Noorul Huda N
DevRel Engineer
Clear insights into progress, quality, and the key signals that keep projects on track – powered by the Jira plugin in SquaredUp.
DevRel Engineer
How do engineering teams consistently deliver reliable products? It begins with having a clear and unified view of their work. By tracking bugs, sprint updates, and team challenges all in one place, teams stay coordinated and on schedule.
Engineering leaders often find themselves searching across multiple tools to answer simple questions: Are we delivering what we committed to? Which areas need urgent attention? Are our major initiatives progressing?
Without a unified view, it's easy to miss early warning signs or spend valuable time hunting for insights instead of acting on them.
This dashboard focuses on the signals that matter most for engineering health. By bringing together bugs, sprint progress, epic completion, and escalations into a single view, it makes risks easier to spot and keeps teams aligned.
We focused on the vital signs that indicate whether engineering is healthy and performing – not every metric that could be tracked, but the ones that drive better decisions.
The dashboard covers five key areas:
Let's walk through each component of the dashboard and why it earned its place on our engineering health overview:
When customers escalate issues, it's not just a bug – it's a business risk. This tile shows us exactly which parts of our system are causing the most pain, with color-coding that makes critical areas impossible to miss.
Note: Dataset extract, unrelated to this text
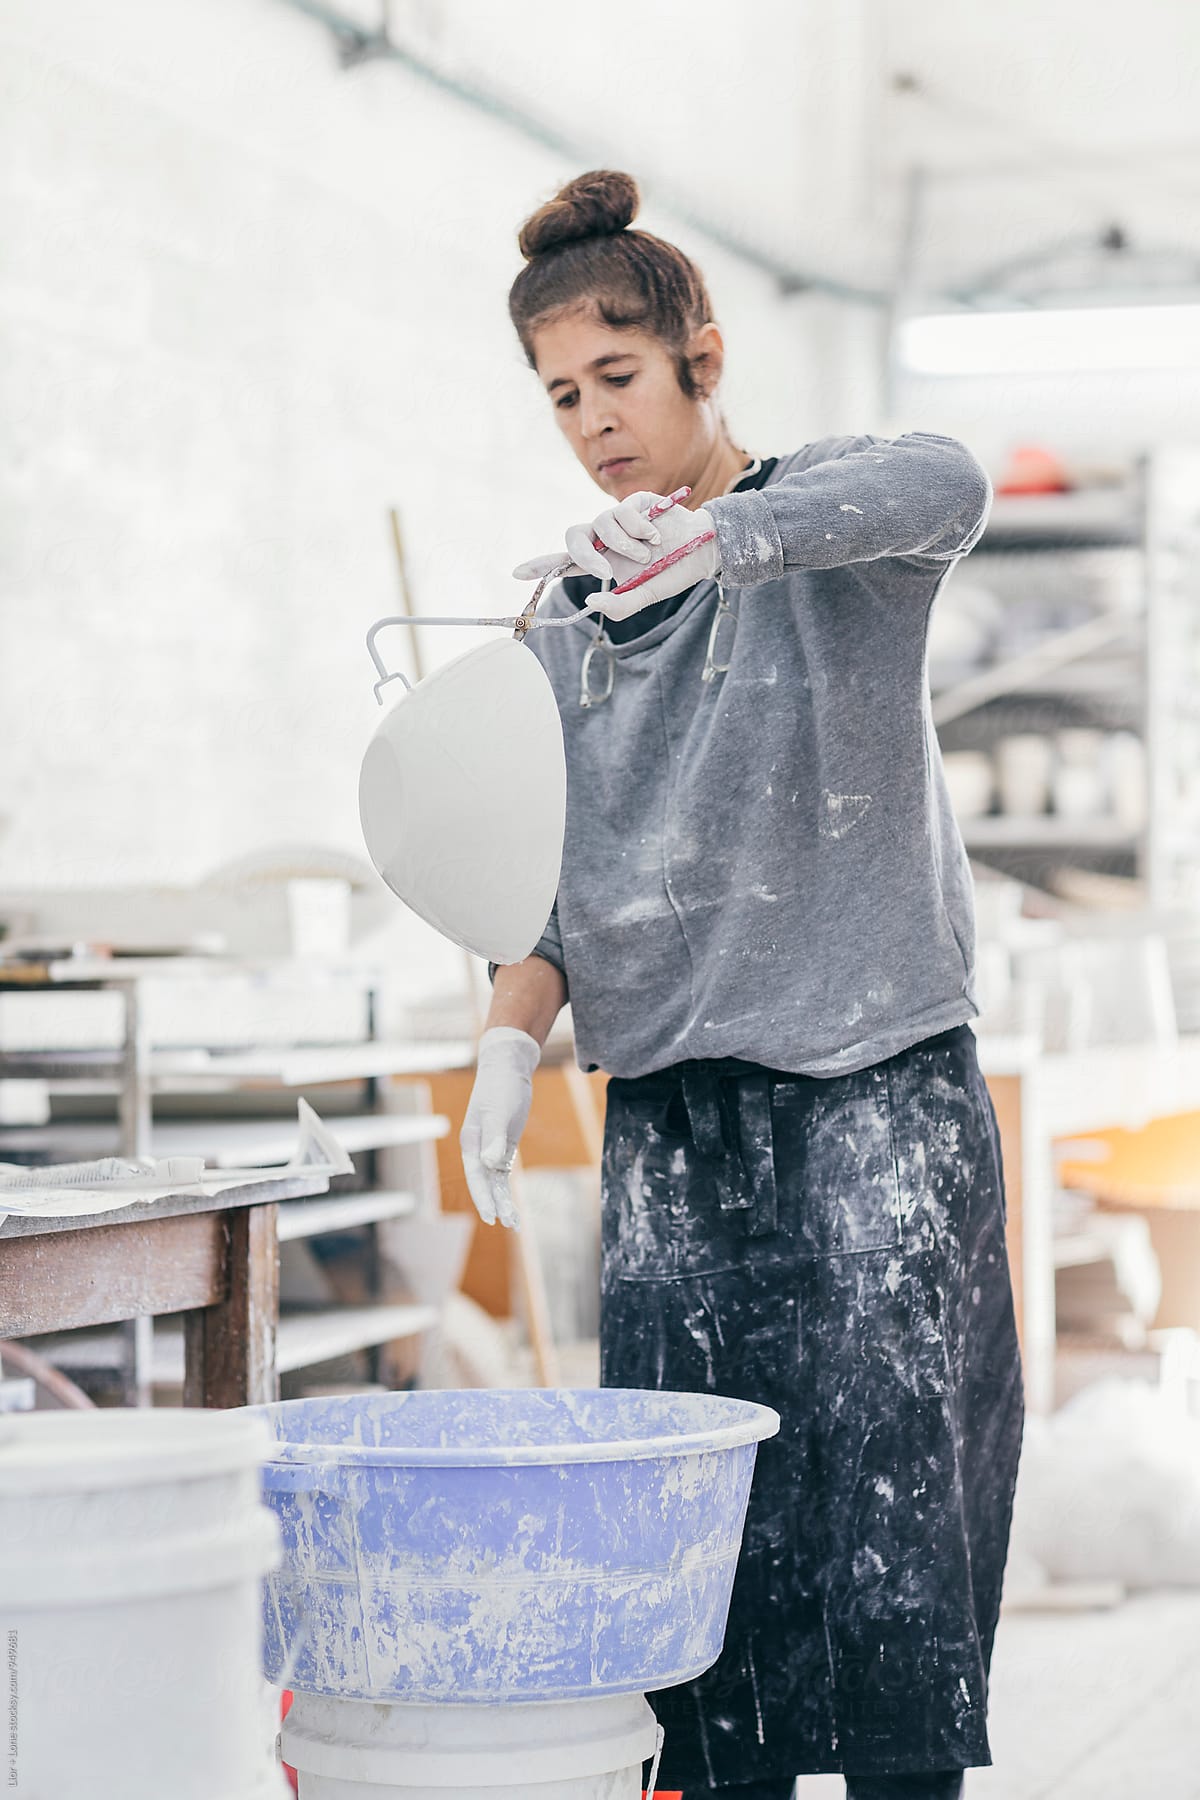 Female ceramic artist glazing a bowl in her studio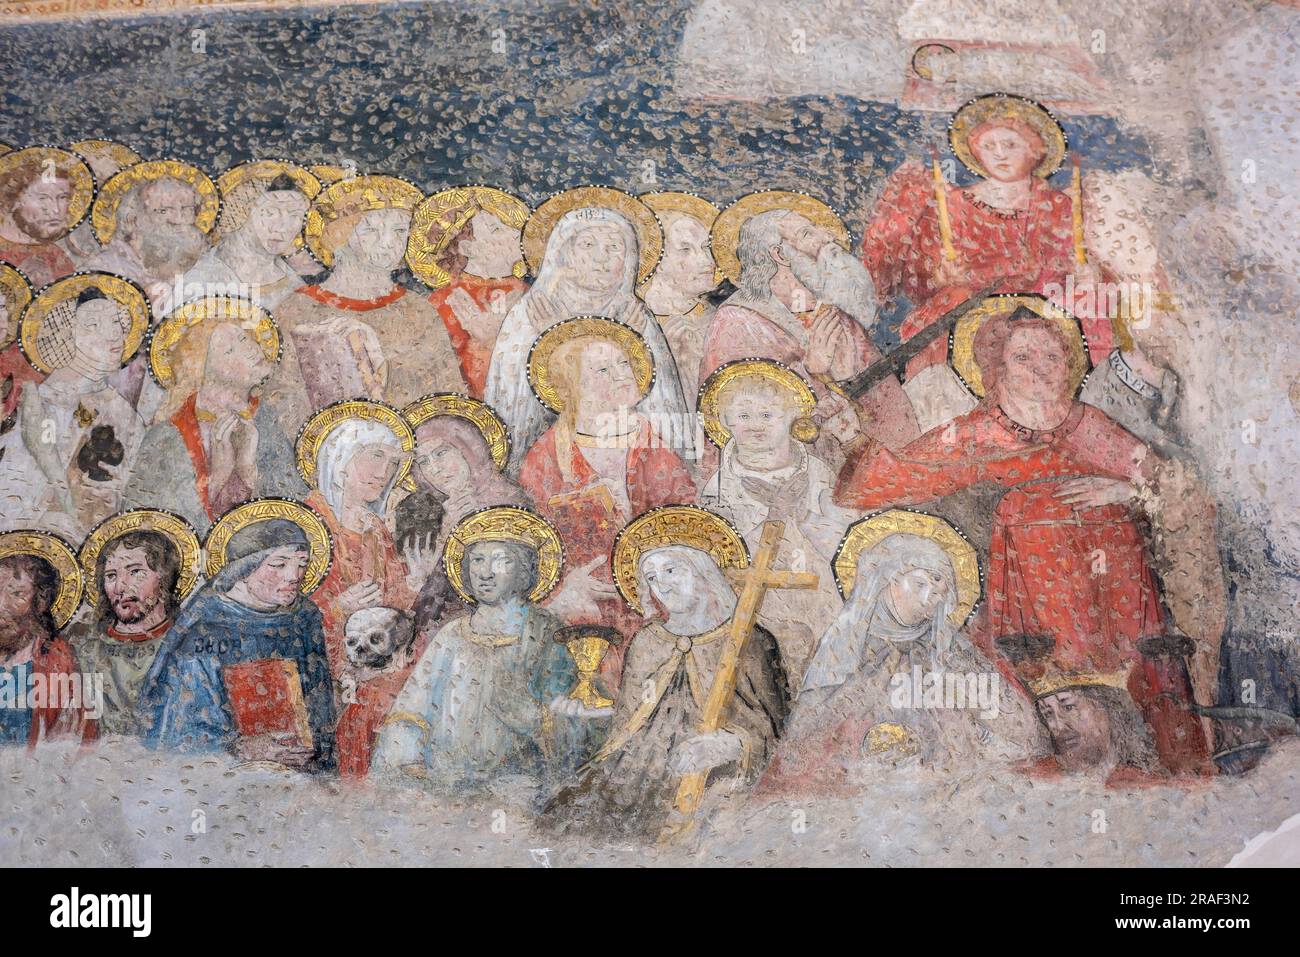 Fresque médiévale, vue d'une section d'une fresque médiévale représentant une assemblée de saints le jour du jugement, Capilla San Bla, Cathédrale de Tolède, Espagne Banque D'Images

We filtered for open escalations and applied custom color logic to highlight the most critical components in red, making hotspots immediately obvious. Instead of treating all bugs equally, we immediately see where customer frustration is concentrated, helping us allocate resources smartly and communicate proactively with affected customers.
This tile shows the gap between what we promise and what we deliver. It compares the story points we committed to with the work we actually finished in the past 30 days. For commitments, we look at bugs where story points were updated, and for completions, we use closed bugs. The point isn’t to be perfect, but to stay predictable so expectations are realistic and our planning keeps getting better.
This section gives us different views of bug health, such as trends over time, distribution by priority, customer-reported issues, and team ownership. We used JQL queries for bugs fixed in the last 30 days, open high-priority bugs, and customer-related bugs linked to support tickets, then show each in the format that makes the pattern easiest to see. It acts as an early warning for quality problems, helping us check if our bug-fixing is keeping up with new issues before they turn into customer-facing crises.
Individual tasks can be finished on time while major initiatives still fall behind. This tile shows the completion percentage of active epics based on their underlying work. We combine epic data with their child tasks and calculate completion percentages, focusing only on epics that are in progress. This helps connect day-to-day productivity with strategic progress, making it clear whether major initiatives are truly moving forward or just creating busy work.
Understanding which teams consistently deal with high-priority issues helps us provide targeted support and identify systemic problems. We pulled escalation data from three engineering teams over 12 months and visualized the trends as a line chart, using SQL to ensure missing months show as zero for continuous trend lines. This 12-month view reveals patterns that point to deeper issues - whether certain teams need additional resources, training, or architectural changes to reduce future escalations.
What makes this particularly valuable is seeing trends over time rather than just snapshots. A team might have a spike in escalations during a major release, which is expected. But if escalations are consistently climbing month over month, that signals something more fundamental - maybe technical debt in their codebase, unclear requirements, or capacity constraints that need addressing.
The monthly breakdown also helps us correlate escalation patterns with other events - new feature releases, team changes, or infrastructure updates. This context turns escalations from reactive into proactive team health management.
This concludes our walkthrough of the dashboard. What began as raw Jira data is transformed into a clear view of engineering health, highlighting progress, risks, and priorities at a glance.
We hope this example shows how meaningful engineering metrics can be visualized to drive better outcomes. The key is picking metrics that lead to action, not just measurement. Every tile here answers a question that shapes how we run engineering.
Want to build better visibility into your own engineering health? Begin with the questions that matter most to your team.